WORK TASK
The entries below contain pictures. Write out only the lines from the line with "Türkiyenin en yüksek" up to and including the line with "User manual SM-J727SDRAFTa", exactly, without them.

+++ RECORDED INFORMATION

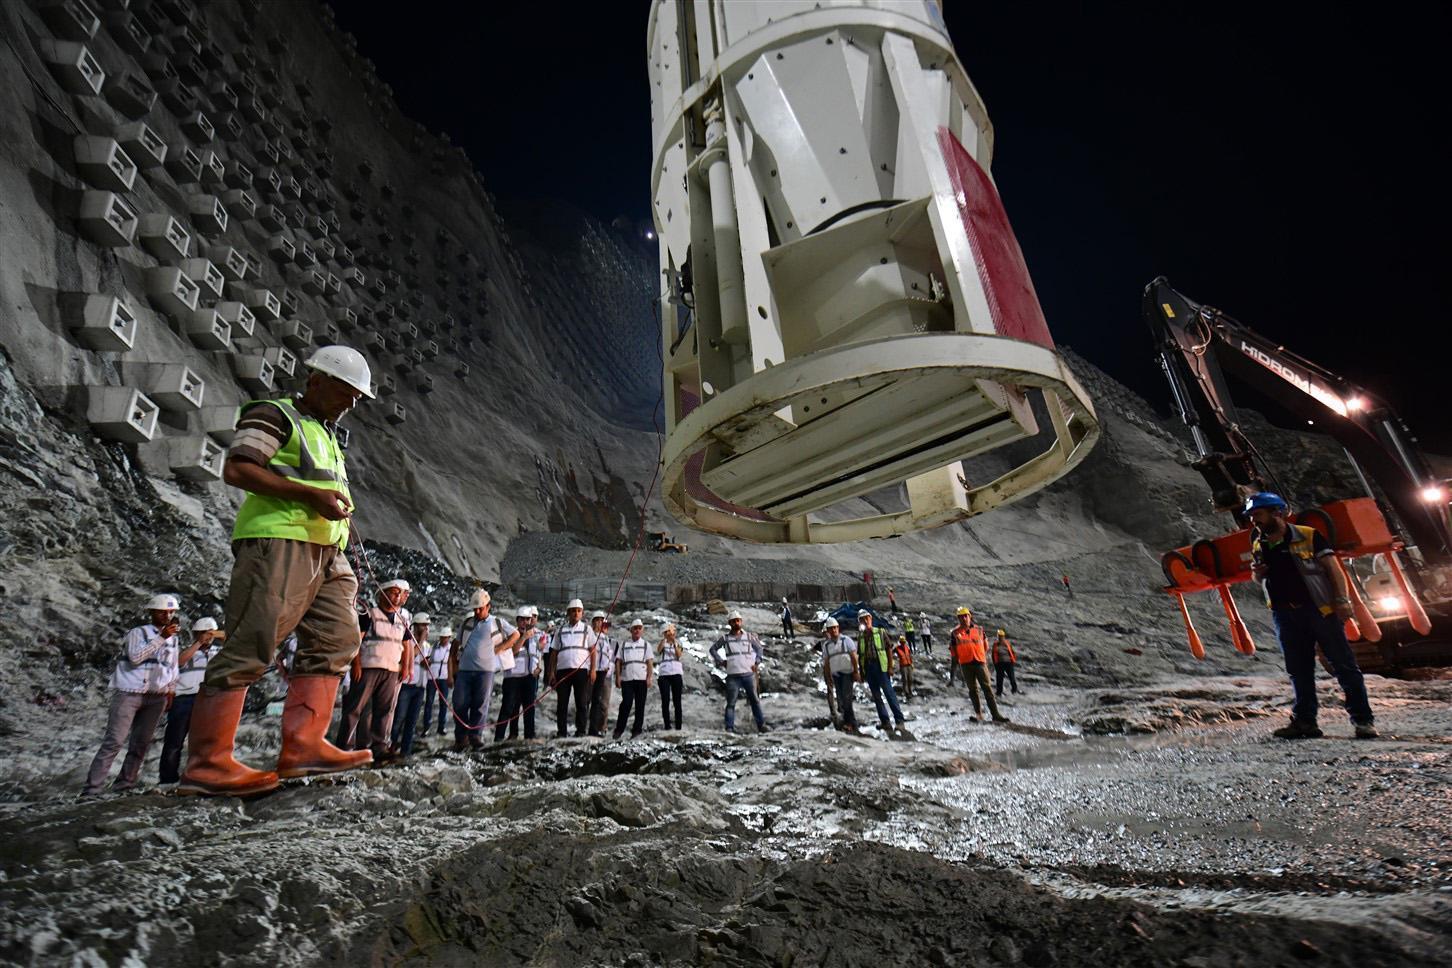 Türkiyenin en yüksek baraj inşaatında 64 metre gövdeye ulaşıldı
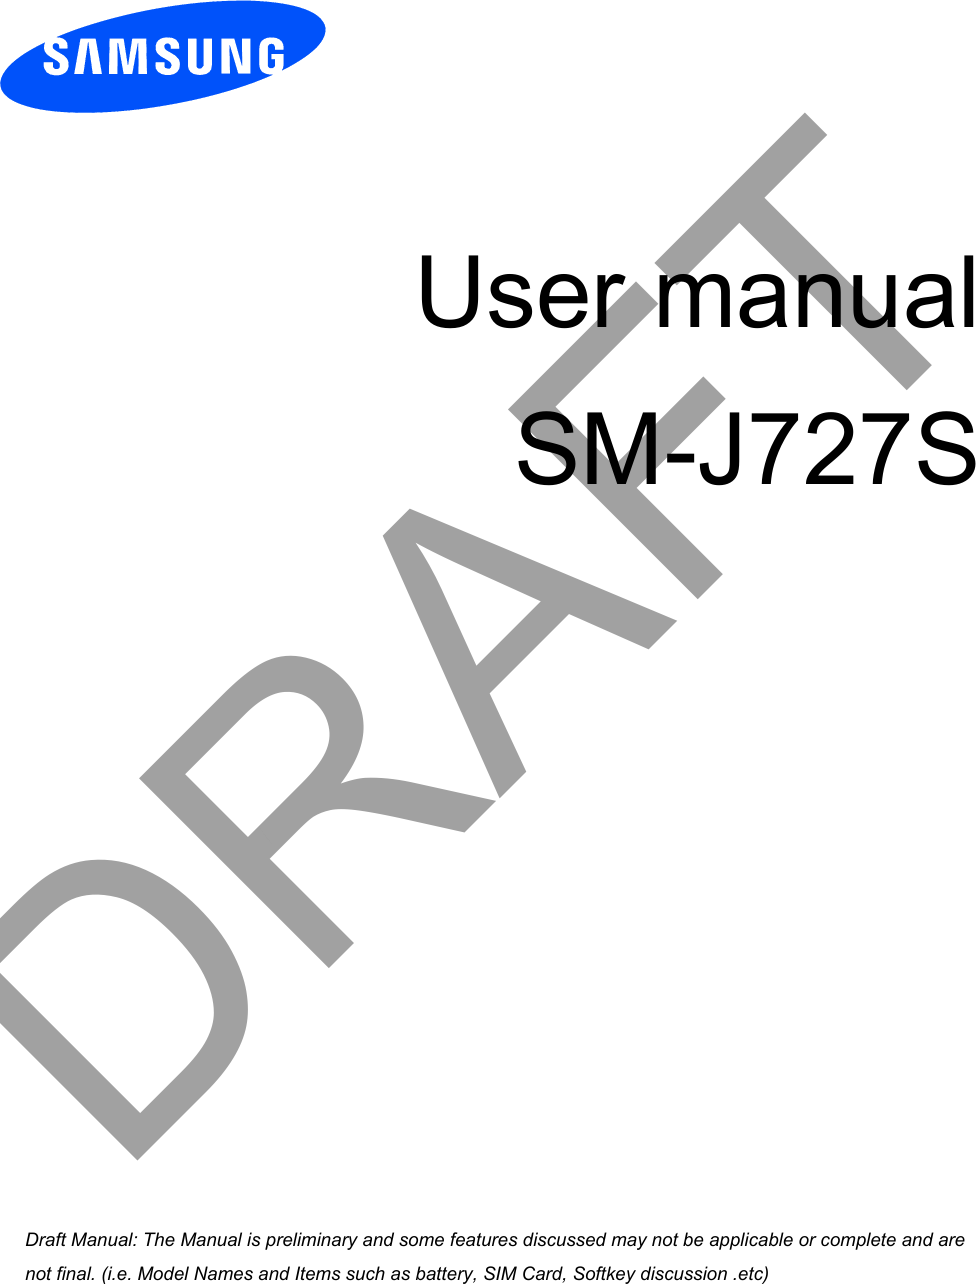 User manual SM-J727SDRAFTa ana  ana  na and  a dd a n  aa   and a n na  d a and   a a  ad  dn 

++++++
+++ RECORDED INFORMATION

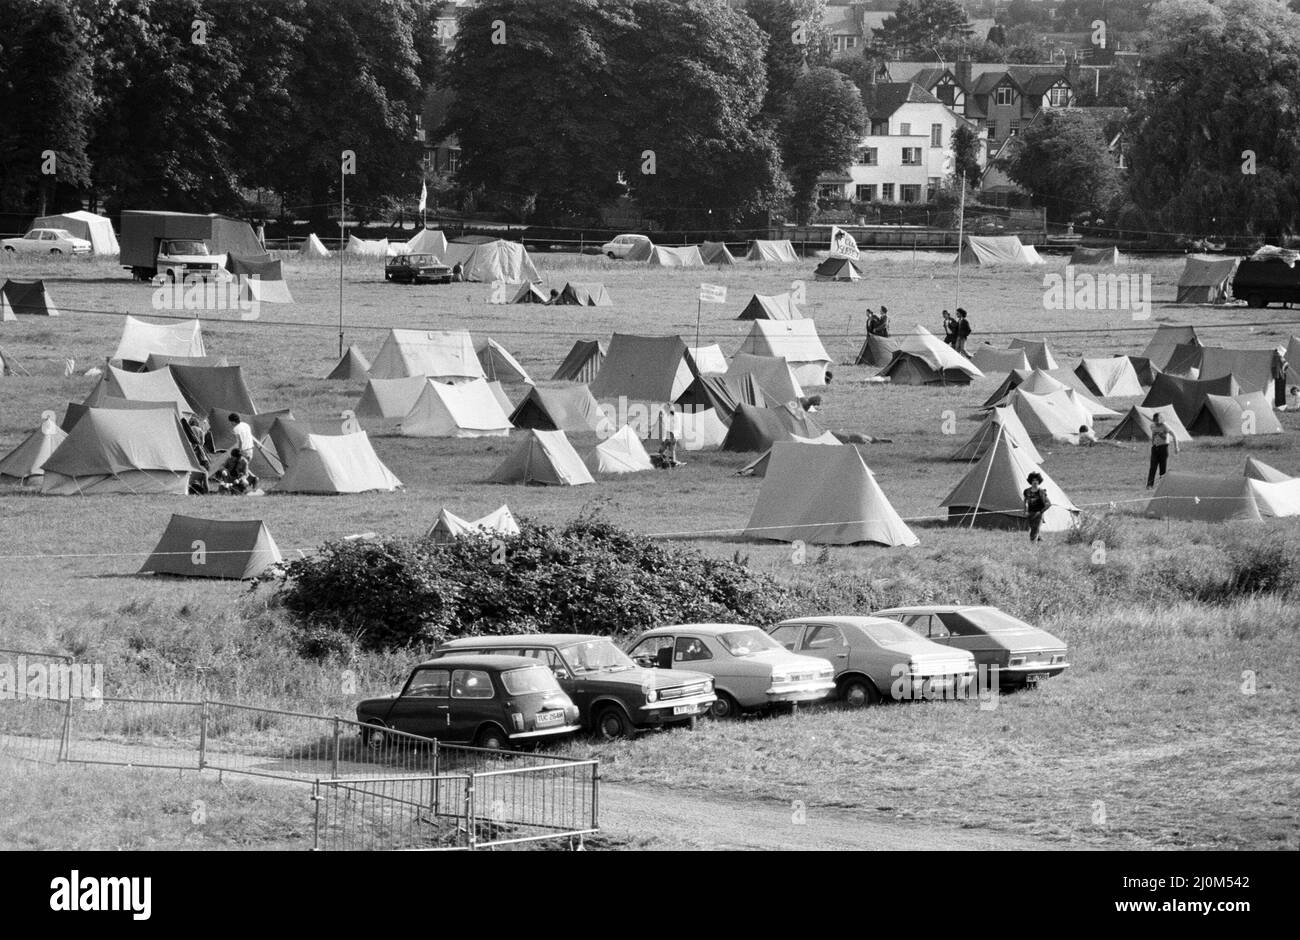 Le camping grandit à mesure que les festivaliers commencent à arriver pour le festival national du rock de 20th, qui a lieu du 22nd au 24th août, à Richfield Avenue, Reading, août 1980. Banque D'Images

++++++
+++ RECORDED INFORMATION

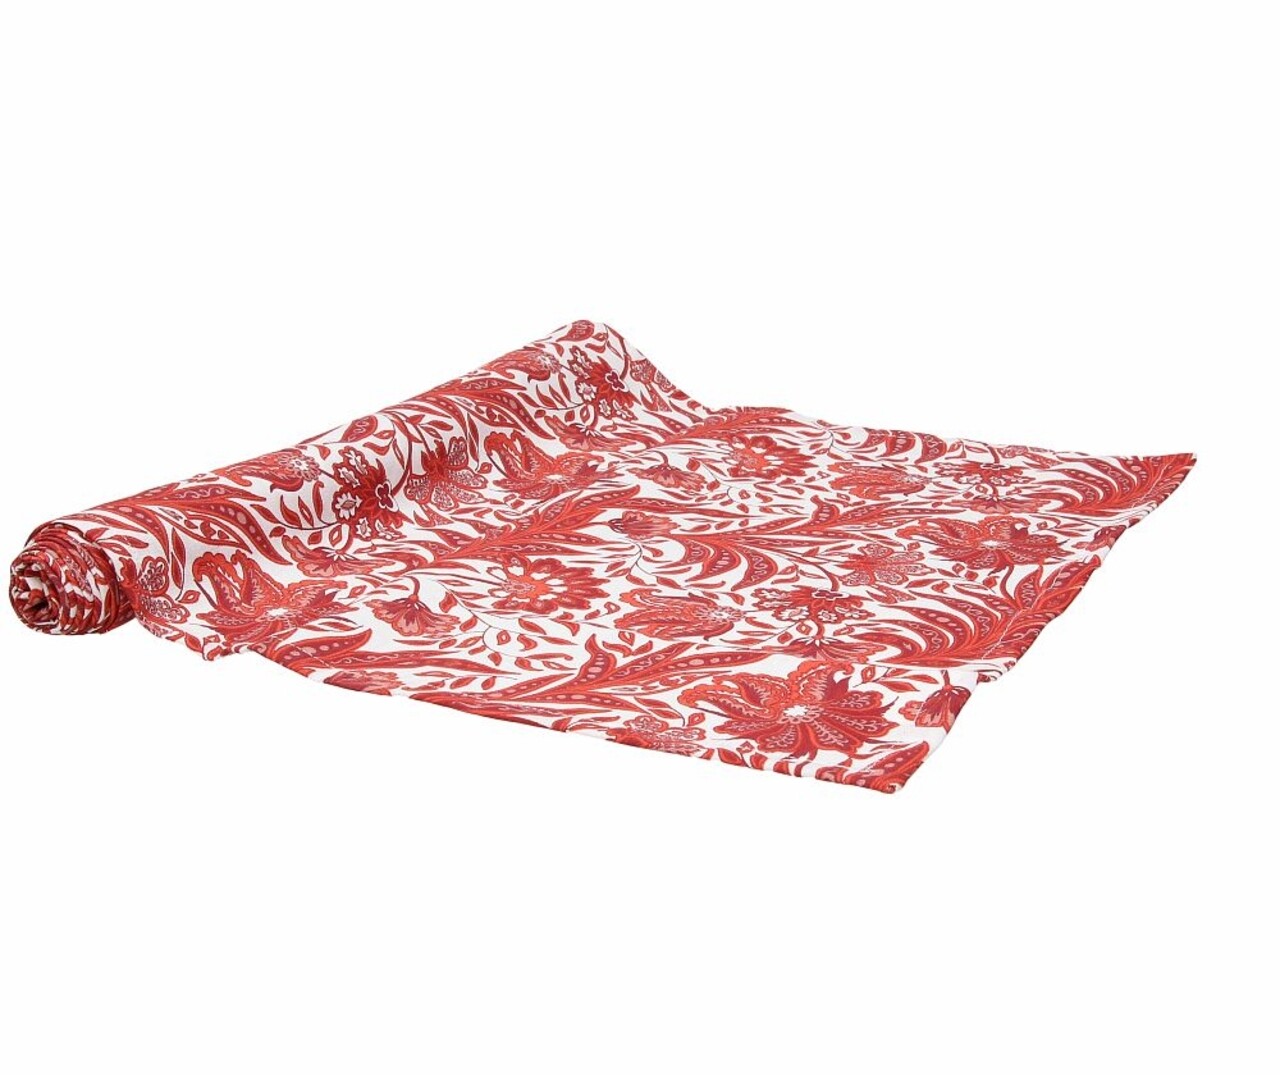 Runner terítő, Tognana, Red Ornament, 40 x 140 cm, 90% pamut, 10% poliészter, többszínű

++++++

OUTPUT
 Türkiyenin en yüksek baraj inşaatında 64 metre gövdeye ulaşıldı
 User manual SM-J727SDRAFTa ana  ana  na and  a dd a n  aa   and a n na  d a and   a a  ad  dn 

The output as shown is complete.